Paper 2023/549

Weak instances of class group action based cryptography via self-pairings

Abstract

In this paper we study non-trivial self-pairings with cyclic domains that are compatible with isogenies between elliptic curves oriented by an imaginary quadratic order $\mathcal{O}$. We prove that the order $m$ of such a self-pairing necessarily satisfies $m \mid \Delta_\mathcal{O}$ (and even $2m \mid \Delta_\mathcal{O} $ if $4 \mid \Delta_\mathcal{O}$ and $4m \mid \Delta_\mathcal{O}$ if $8 \mid \Delta_\mathcal{O}$) and is not a multiple of the field characteristic. Conversely, for each $m$ satisfying these necessary conditions, we construct a family of non-trivial cyclic self-pairings of order $m$ that are compatible with oriented isogenies, based on generalized Weil and Tate pairings. As an application, we identify weak instances of class group actions on elliptic curves assuming the degree of the secret isogeny is known.
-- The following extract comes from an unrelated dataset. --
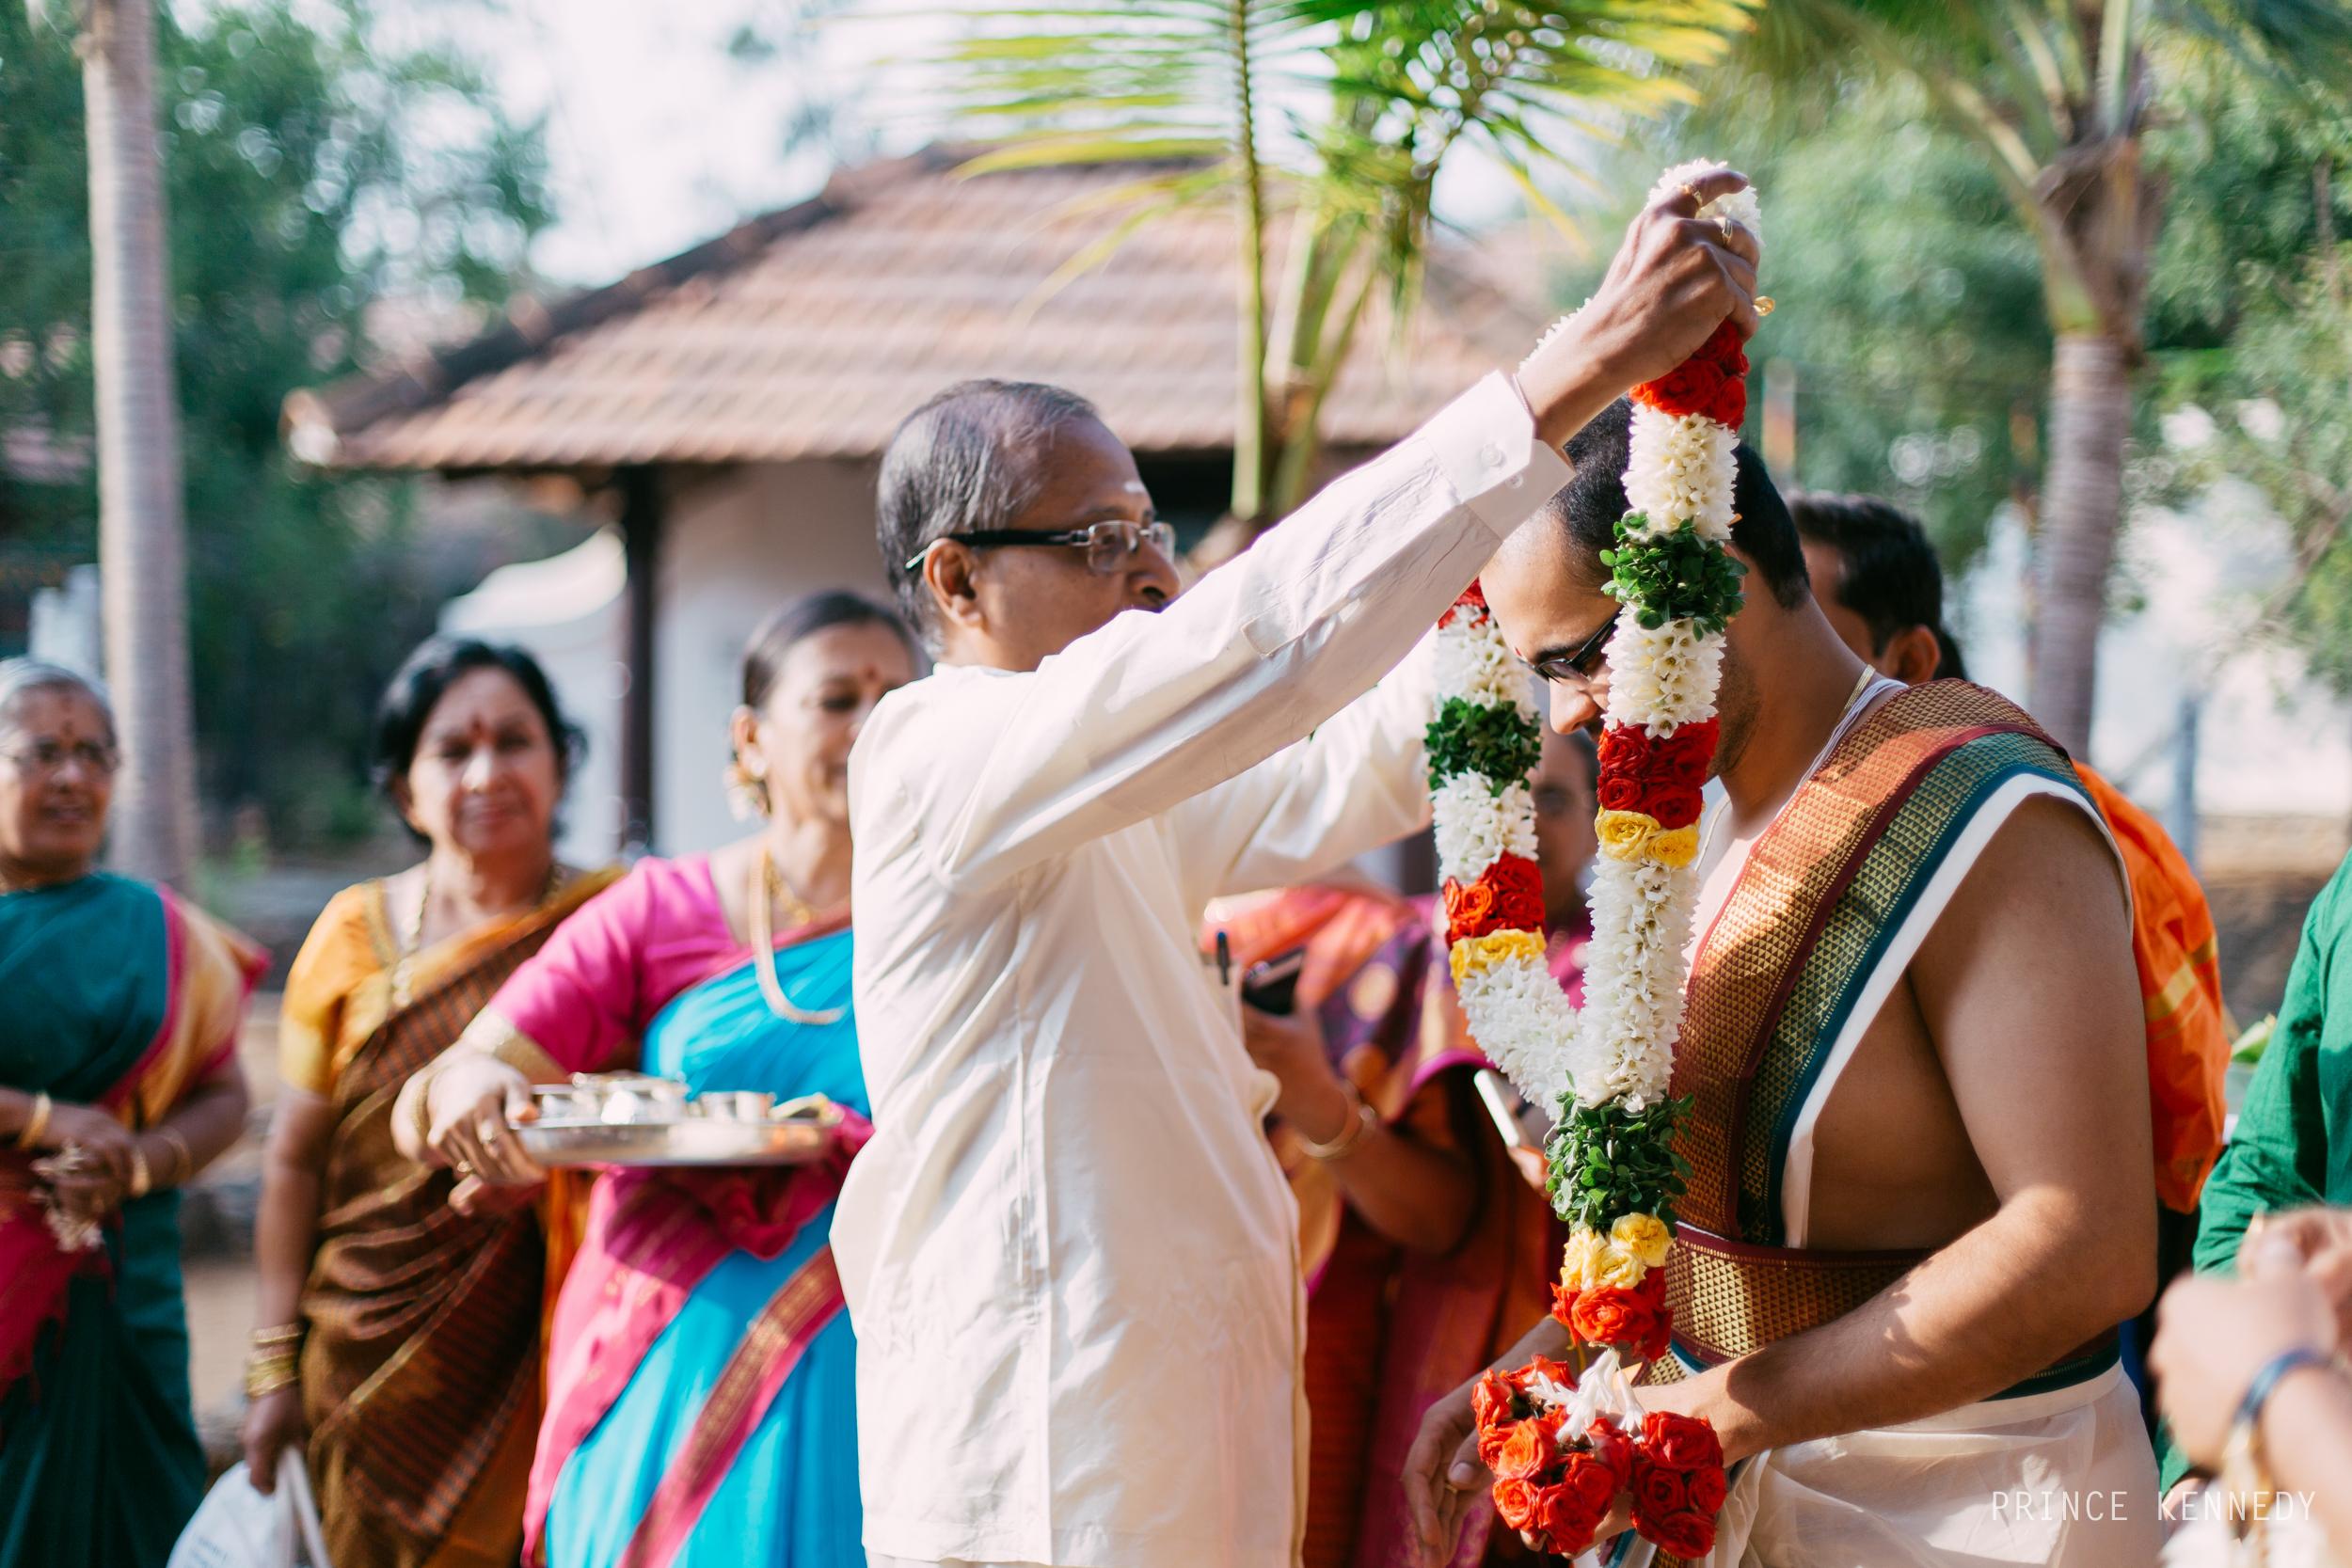 Athmajja-Nithesh-Engagement-Couple-Portrait-Portraiture-Wedding-Couple-Portrait-Chennai-Photographer-Candid-Photography-Destination-Best-Prince-Kennedy-Photography-32.jpg

More in detail, we show that if $m^2 \mid \Delta_\mathcal{O}$ for some prime power $m$ then given two primitively $\mathcal{O}$-oriented elliptic curves $(E, \iota)$ and $(E',\iota') = [\mathfrak{a}] (E,\iota)$ connected by an unknown invertible ideal $\mathfrak{a} \subseteq \mathcal{O}$, we can recover $\mathfrak{a}$ essentially at the cost of a discrete logarithm computation in a group of order $m^2$, assuming the norm of $\mathfrak{a}$ is given and is smaller than $m^2$. We give concrete instances, involving ordinary elliptic curves over finite fields, where this turns into a polynomial time attack. Finally, we show that these self-pairings simplify known results on the decisional Diffie-Hellman problem for class group actions on oriented elliptic curves.

Note: Includes an appendix, omitted from the published version due to a page limit.